# Crown tail VS Half moon



## jibruno (Dec 26, 2011)

so i just want some opinions and facts on the matter of which is better for breeding purposes, crown tail or half moons, is there a big difference?


----------



## Curlyfatbottom (Sep 29, 2011)

yes.
ct breed true and hm don't
ct is cheaper then hm
one thing that they both have in common is, that they're really hard to maintain


----------



## jibruno (Dec 26, 2011)

*ok*

what do you mean by breed true? and i was planning on going with CT so that would be the better option?


----------



## Curlyfatbottom (Sep 29, 2011)

ctxct will produce you all ct
hmxhm depending how good of a background of the parent should should produce 20-40% hm the rest are super delta and delta
if the parent come from a bad background then 0% hm and all the babies are super delta and delta


----------



## jibruno (Dec 26, 2011)

ok thanks, that helps a lot


----------



## Curlyfatbottom (Sep 29, 2011)

np
will with that clear.
do you have any color or type that you want to breed???


----------



## jibruno (Dec 26, 2011)

im looking for pair of crown tails, preferable red, black or blue or a combo of those three


----------



## Curlyfatbottom (Sep 29, 2011)

ok with those color..
hmmm
black is tricky
if you get the lace then its fine
but if you get the melano then your out of luck
female are infertile
red are nice
but you can't really cross them with any color
you'll get a bunch of bio or multi color
blue
there is a lot of of different class of blue
royal,steel and turquoise 
black and blue can cross
you'll get a mix of the two
hope this help
*
*


----------



## jibruno (Dec 26, 2011)

it does help, to get a good spawn what do you suggest i start out with? im open for suggestions


----------



## Curlyfatbottom (Sep 29, 2011)

pk are very hardy fish.
you can get by with a lot.
to me they're the best father.
as fry goes.
there all the same.
you have to put in effort to get something out of it.
3-5 feeding a day(small portion)
water change every other day(when they hit two week)


----------



## indjo (Jun 6, 2010)

jibruno said:


> so i just want some opinions and facts on the matter of which is better for breeding purposes, crown tail or half moons, is there a big difference?


CT's are every betta that has web reduction on their fins regardless of their form (long/short finned, number of rays, 180* spread or less, etc). 
While HM's are long finned bettas that MUST have a 180* tail spread, otherwise they go into the delta group.

IMO both fin types breed equally easy/difficult BUT making their fins spread 180* (both types) is not that easy. You must select your breeders. So it comes down to your goal - do you just want any long finned betta either with or without web reduction or do you want to maintain a 180* fin spread.

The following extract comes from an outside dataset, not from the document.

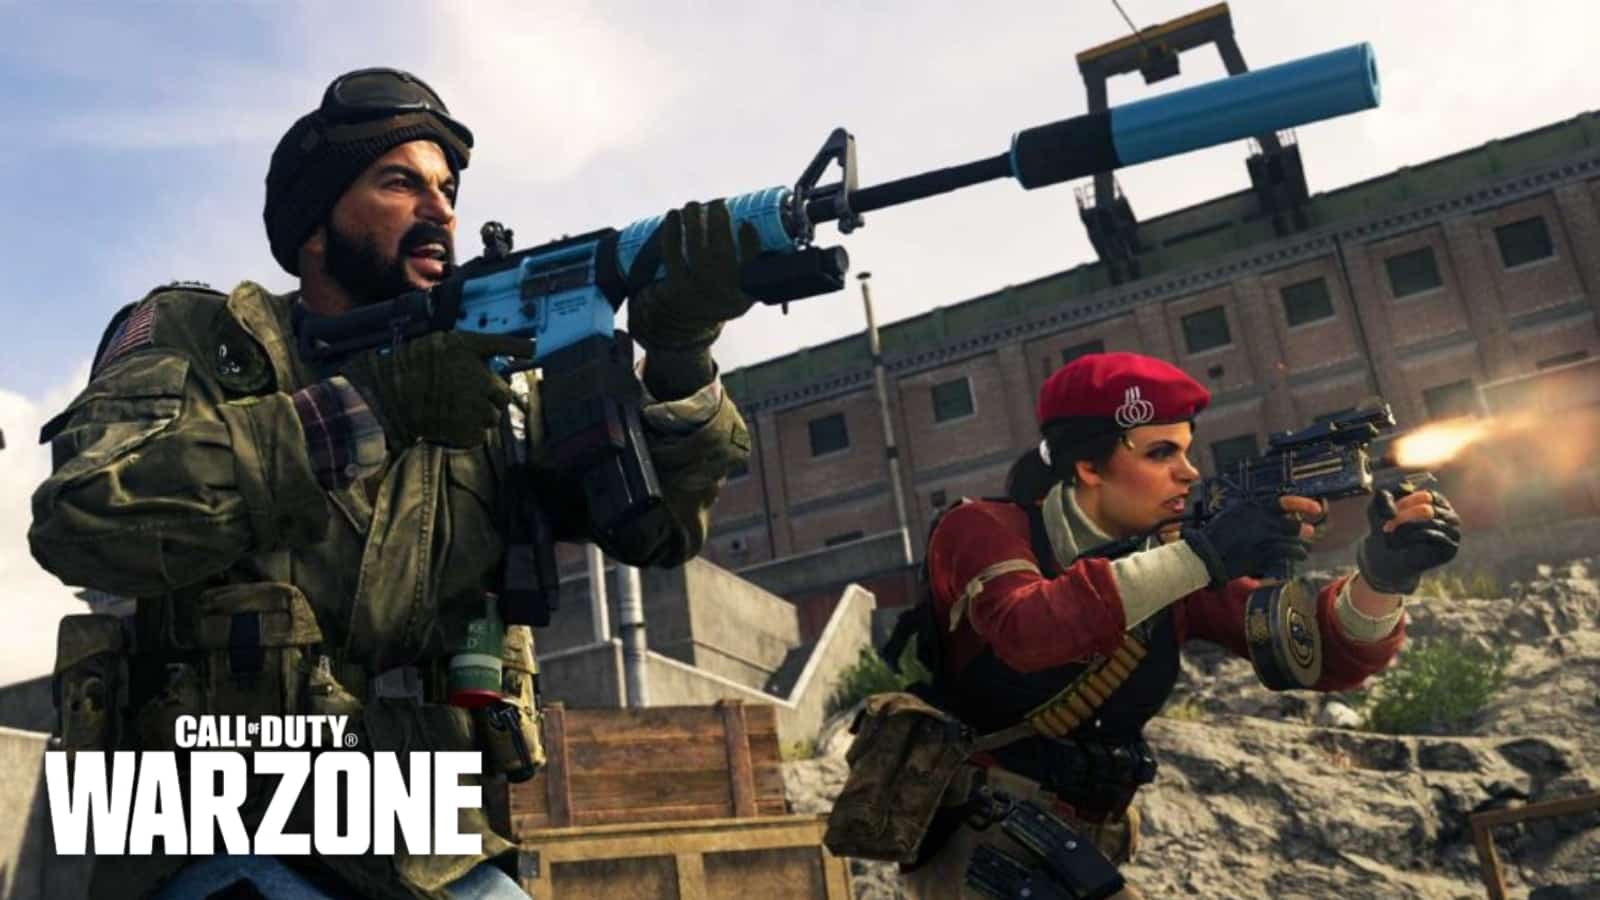 Call of Duty: Warzone Event Adds Rebirth Island Playlists After

In general CT need more care than HM. They at least need IAL to maintain their fin form - keep their rays nice and straight (actually it's not really the IAL but the water pram that the IAL causes)..... I can't explain in detail because I've never really worked with them nor have I read much about them. All I know is that my water can't keep their fins nice, tidy and straight.
HM's are more tolerant towards different water parameters.

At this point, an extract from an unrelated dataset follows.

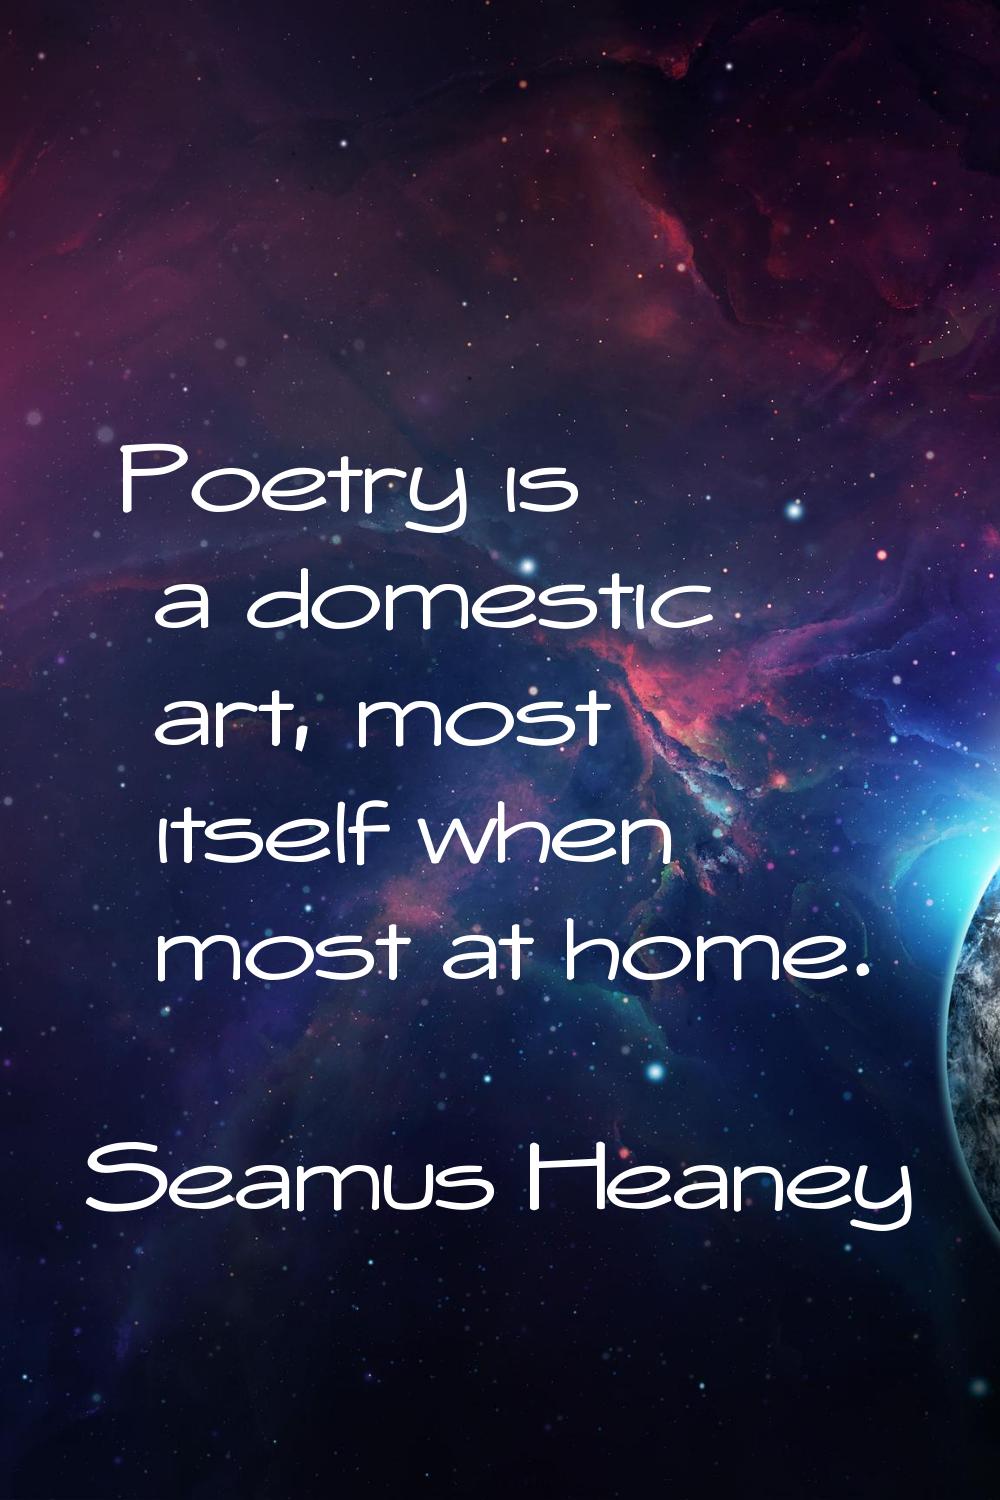 Poetry is a domestic art, most itself when most at home.

I agree with curly that PK's are in general the easiest to keep, breed, raise, and maintain/care.


----------



## Bambi (Sep 11, 2011)

Not all melano females are infertile, andthere are actually superblack females out there who breed just fine if you want a black girlie. xD

As you said you want to used CT's and yu like blue and black the a pair of Royal blue CT's would be reltively easy to fine. They have a nice blue body with a black head.




--
For the a thing to keep in mind with CT's is their fins can curl in hard water that would be fine for any VT or PK.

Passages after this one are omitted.